This week Casey noted the then historic accomplishment of Fleetwood Mac having four hits that made the top 10, all originating from one album, Rumours. He claimed it was the first album of the 70's to do such, implying an act like the Beatles might've had more. The "originating" word would leave out compilation/Greatest Hits albums or live versions on a concert album.
Michael Jackson would be the first to match that accomplishment with four top 10 hits in 1979-80 with "Off the Wall," and he then crushed the record in 1982-1984 with 7 top 10 hits from "Thriller" which broke open the floodgates for hit albums suddenly having 5 or more singles released, with 4 top 10's being done by rather ordinary artists like Richard Marx or Expose....and the standard became 4 or 5 number one singles from an album (Michael Jackson again, George Michael, Whitney Houston, Janet Jackson, Paula Abdul).
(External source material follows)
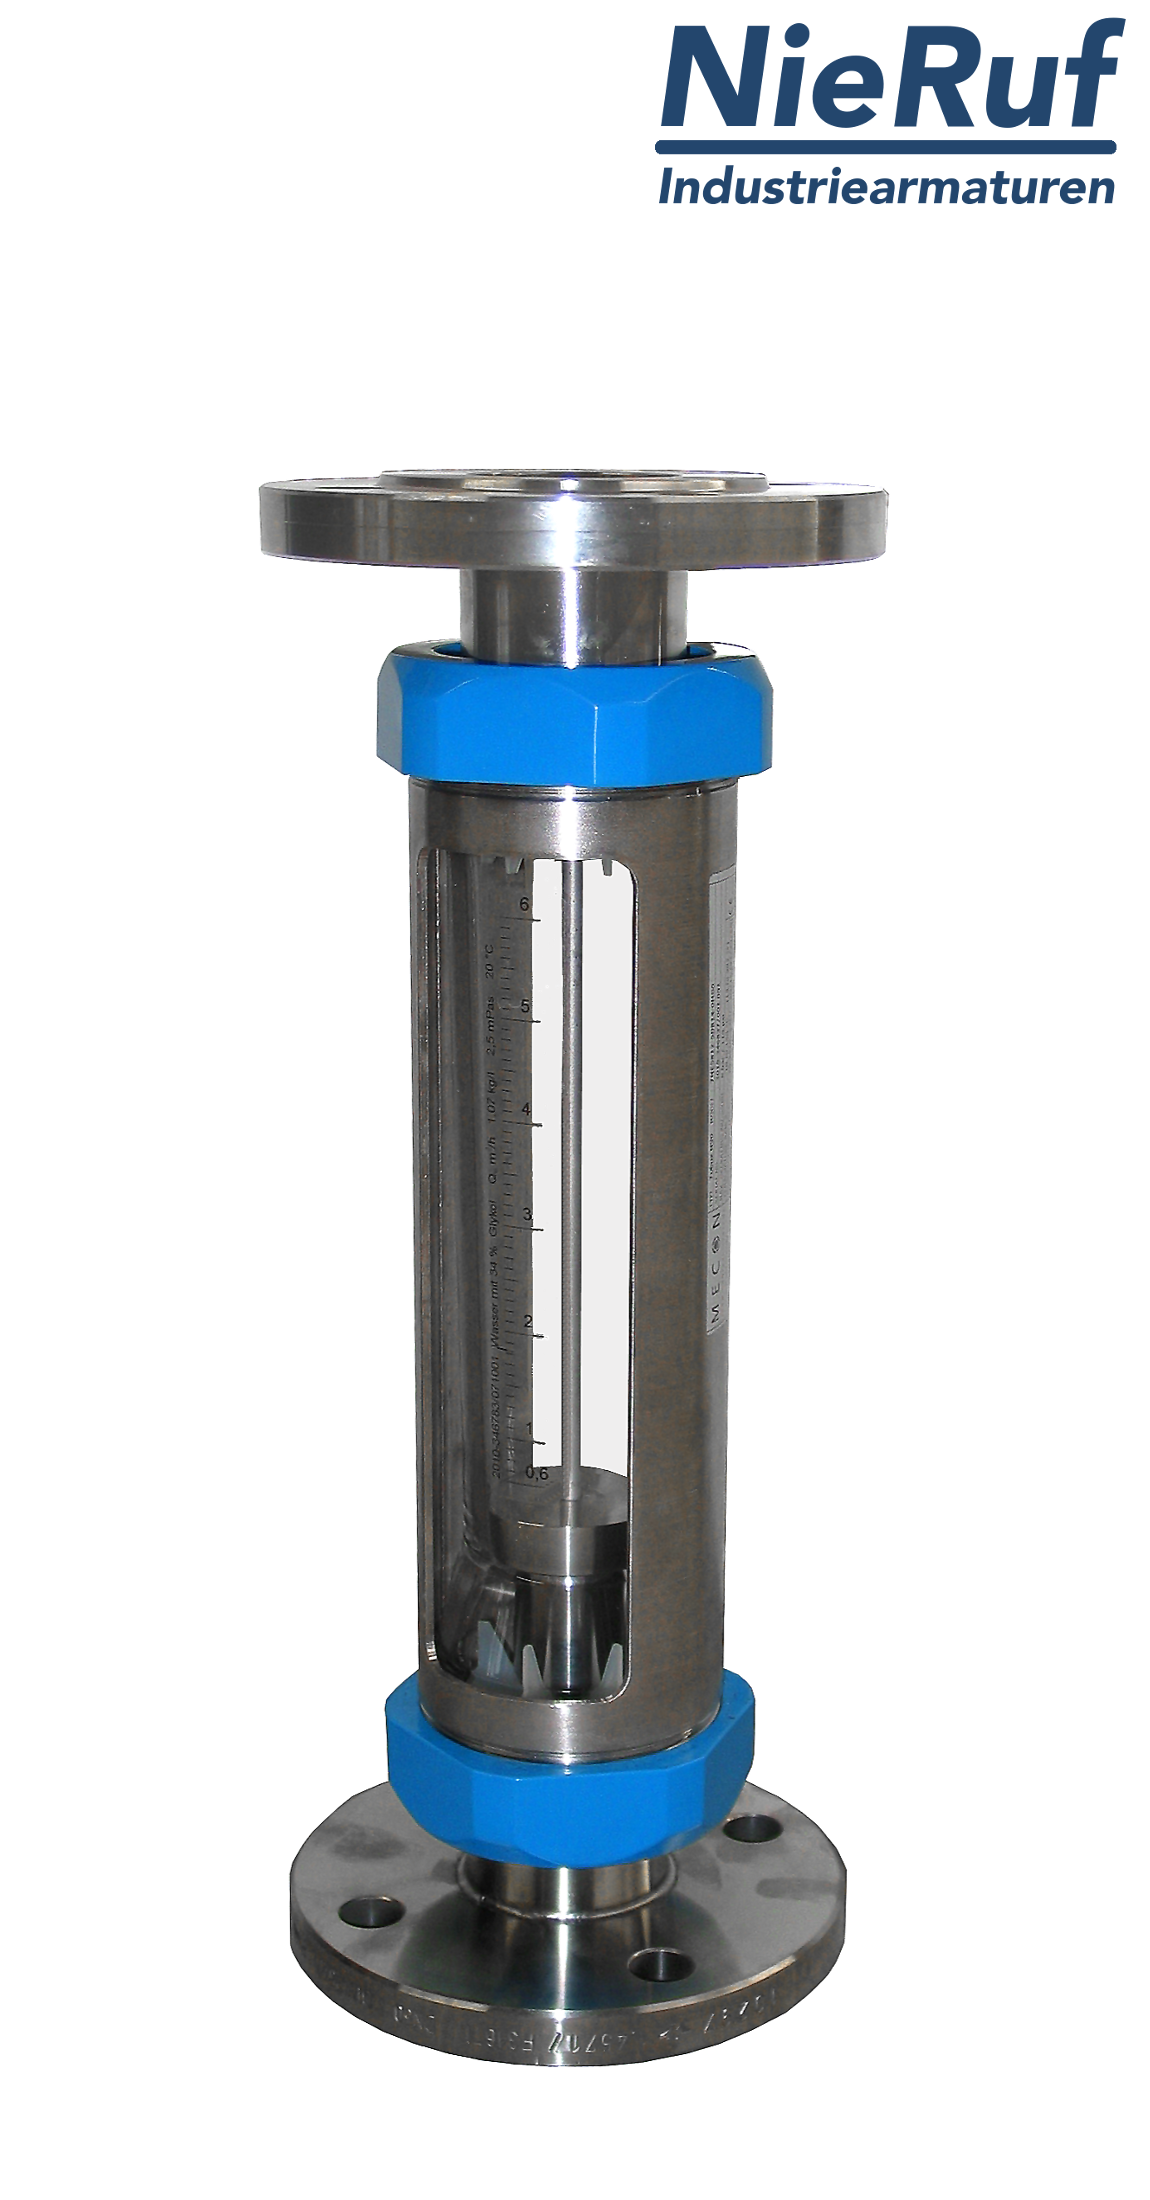 Variable area flowmeter stainless steel + borosilicate flange DN25 1.6 - 16.0 l/h water FKM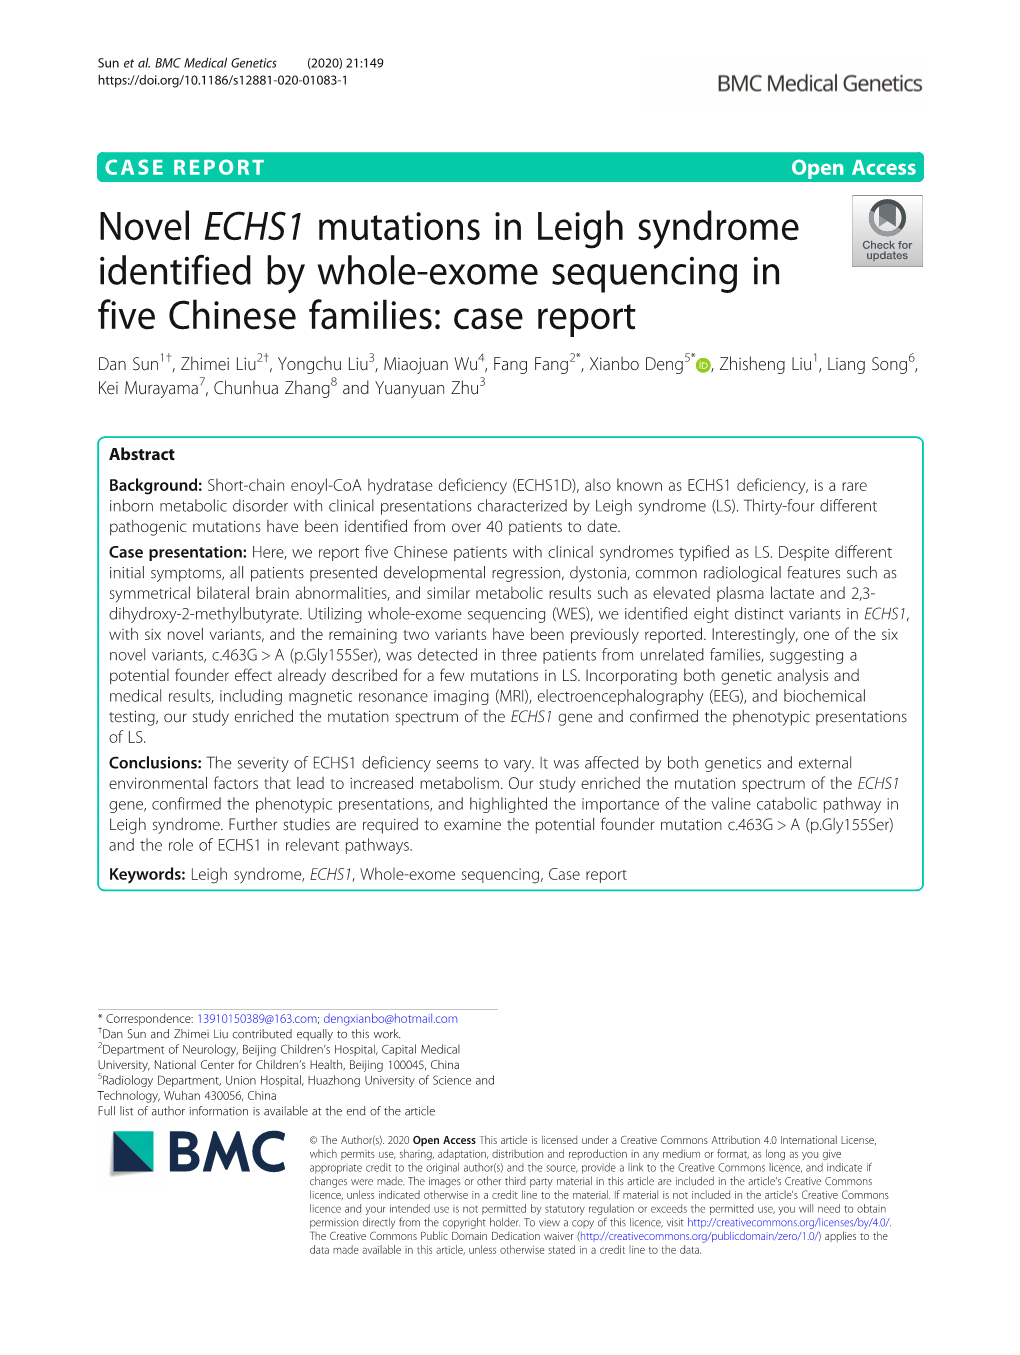 Novel ECHS1 Mutations in Leigh Syndrome Identified by Whole

The arrival of the "Soundscan" era of actually counting singles and sales in 1991 brought an end for awhile to such huge numbers of even top 10's, making even 2 #1's from an album a serious accomplishment and the top 10's per album were likewise limited as the charts slowed way down.
That all flipped around again when then whole idea of a single was challenged with streaming music and digital downloads of tracks from albums. Now, for a big name artist like Drake (the master of this!) or Taylor Swift, or even SZA, your opening week for an album might carry many of the tracks into the Hot 100...with Taylor Swift in late 2022 pulling off the ultimate -- she claimed the entire top 10, with only one of those being a traditional radio-pushed single "Anti-Hero."
Ten does seem the natural limit -- to get to 11, you'd have to do the Taylor trick of covering the top 10 your first week then push one of the rest of the tracks later to radio eventually get to top 10 status, knowing that on initial release, it was not a fan favorite.
Given that Thriller only had 9 tracks to begin with, it demonstrates how fundamentally music purchasing and marketing has changed.